Mangroves, the iconic trees that line tropical and subtropical coastlines, face two threats: high salinity and frequent drought. If their internal water transport system fails, the trees die. They exhibit various types of perforation plates and pit structures. However, the extent to which these anatomical features contribute to their adaptation to coastal environments remains unclear.

In a study published in Tree Physiology on April 24, researchers from the Xishuangbanna Tropical Botanical Garden (XTBG) of the Chinese Academy of Sciences and their collaborators revealed that mangroves enhance hydraulic safety (rather than efficiency) through reinforced anatomical structures and pit architecture to adapt to saline environments. They built narrower, stronger vessels and adjust their microscopic pit structures to prevent fatal embolisms under extreme saline and dry conditions.

The researchers measured 27 hydraulic, anatomical, and pit traits in eight mangrove species from Hainan Island in southern China. The species were divided into two groups based on vessel perforation plate type: four species with simple perforation plates (SI) and four with scalariform (SC, ladder-like) perforation plates.

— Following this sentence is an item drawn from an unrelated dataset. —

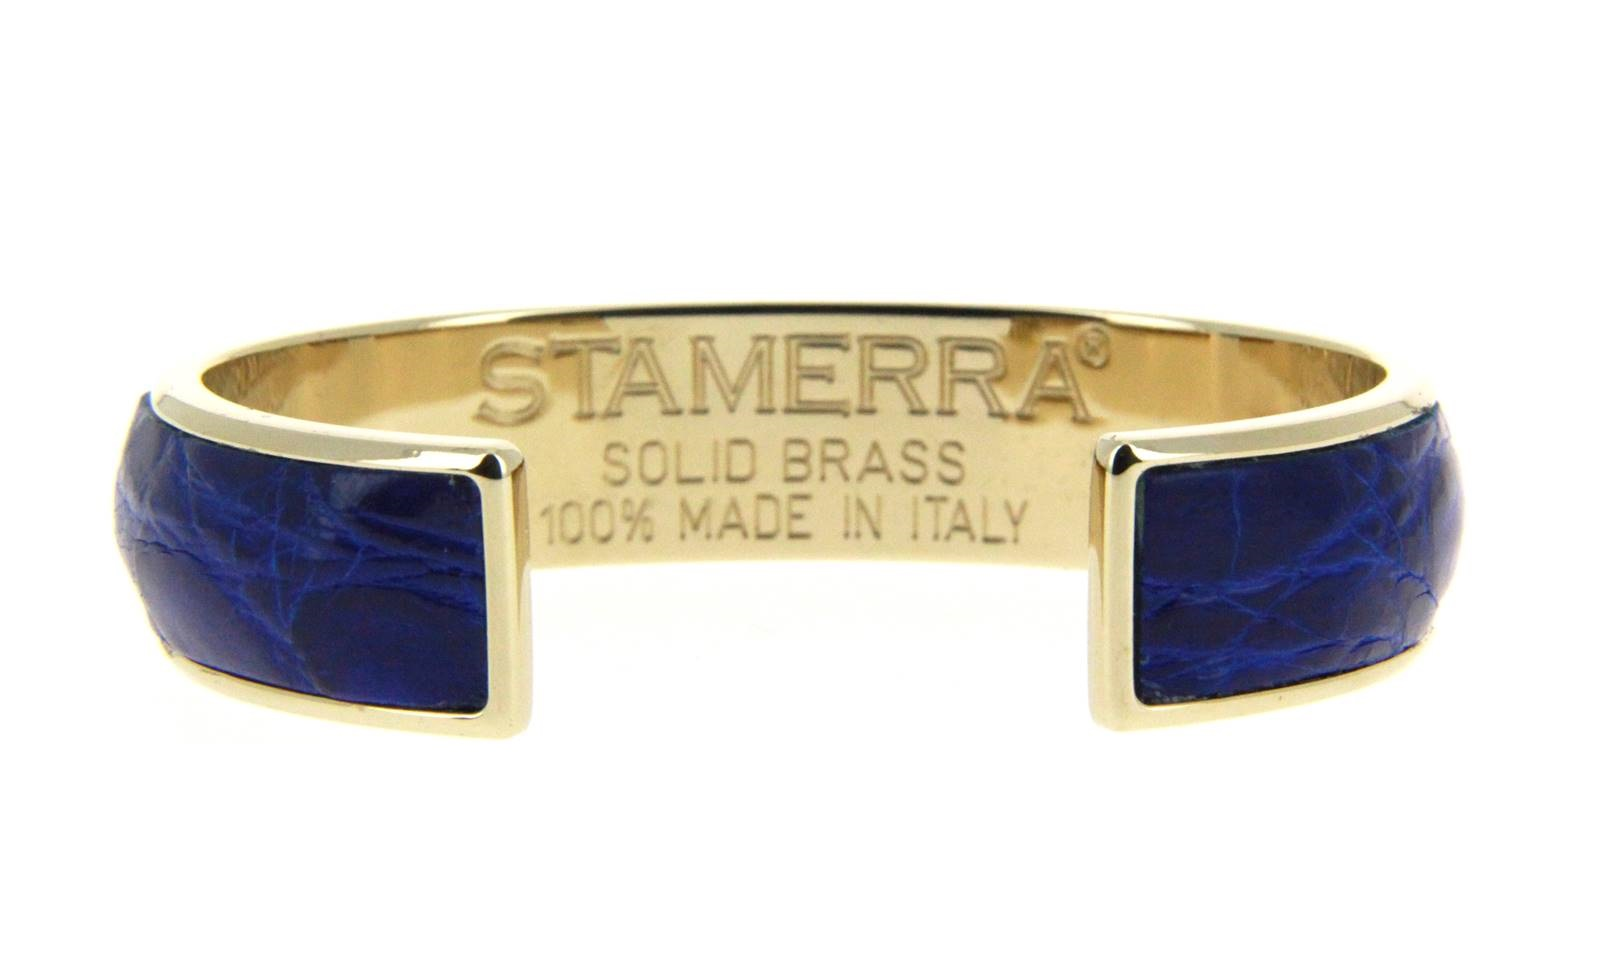 Stamerra bracelet VERO GENUINE CROCO GOLD ELETTRICO
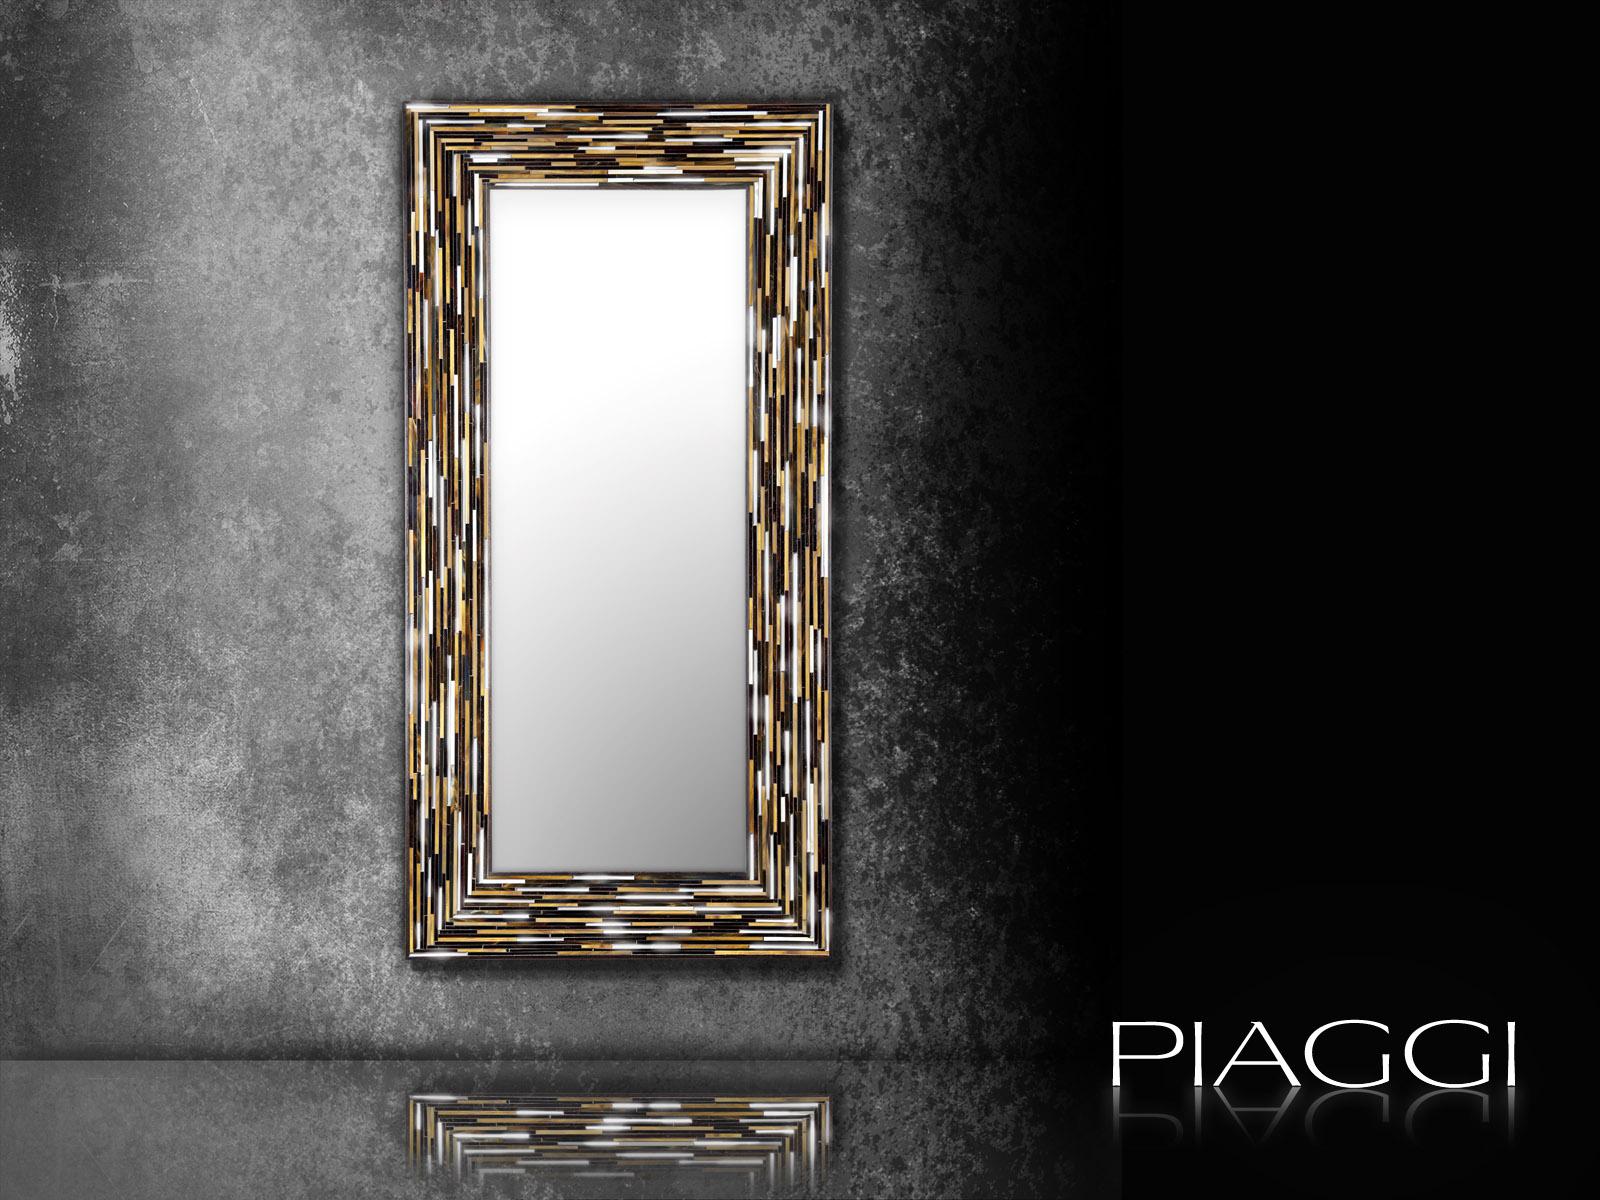 Piaggi miroirs big q for Miroir 80x160

Despite long-standing theories that perforation plate type strongly influences hydraulic efficiency, the researchers found no significant difference in water conductivity or embolism resistance between the two groups.

Instead, all eight mangrove species shared a common hydraulic strategy of high resistance to xylem embolism coupled with low water transport efficiency when compared with global woody plant datasets. Across species, the researchers observed a clear trade-off between hydraulic safety and efficiency.

Species with greater embolism resistance had narrower vessels, thicker vessel walls, higher fractions of axial parenchyma (living cells that may help repair embolised conduits), and more negative minimum water potentials.They also maintained wider hydraulic safety margins, meaning they are less likely to suffer catastrophic failure during droughts.

Unexpectedly, perforation plate morphology was tightly linked to pit architecture, despite having no direct effect on hydraulic function. SC species had larger pit membranes and apertures, but fewer pits per area. In contrast, SI species had many small pits packed densely together. These differences at the pit level, especially in aperture size and shape, helped explain variations in hydraulic safety.

The study systematically reveals the anatomical basis that allows mangroves to maintain the integrity of their xylem water transport system under combined hypersaline and drought stress. It provides important insights into how woody plants in coastal ecosystems adapt hydraulically to extreme environments.

"Our findings highlight that enhanced hydraulic safety, rather than efficiency, is the evolutionary priority for mangroves surviving hypersaline intertidal zones," said CHEN Yajun of XTBG. "The intricate coordination of vessel anatomy, living cell allocation, and pit structure jointly shapes their resilience."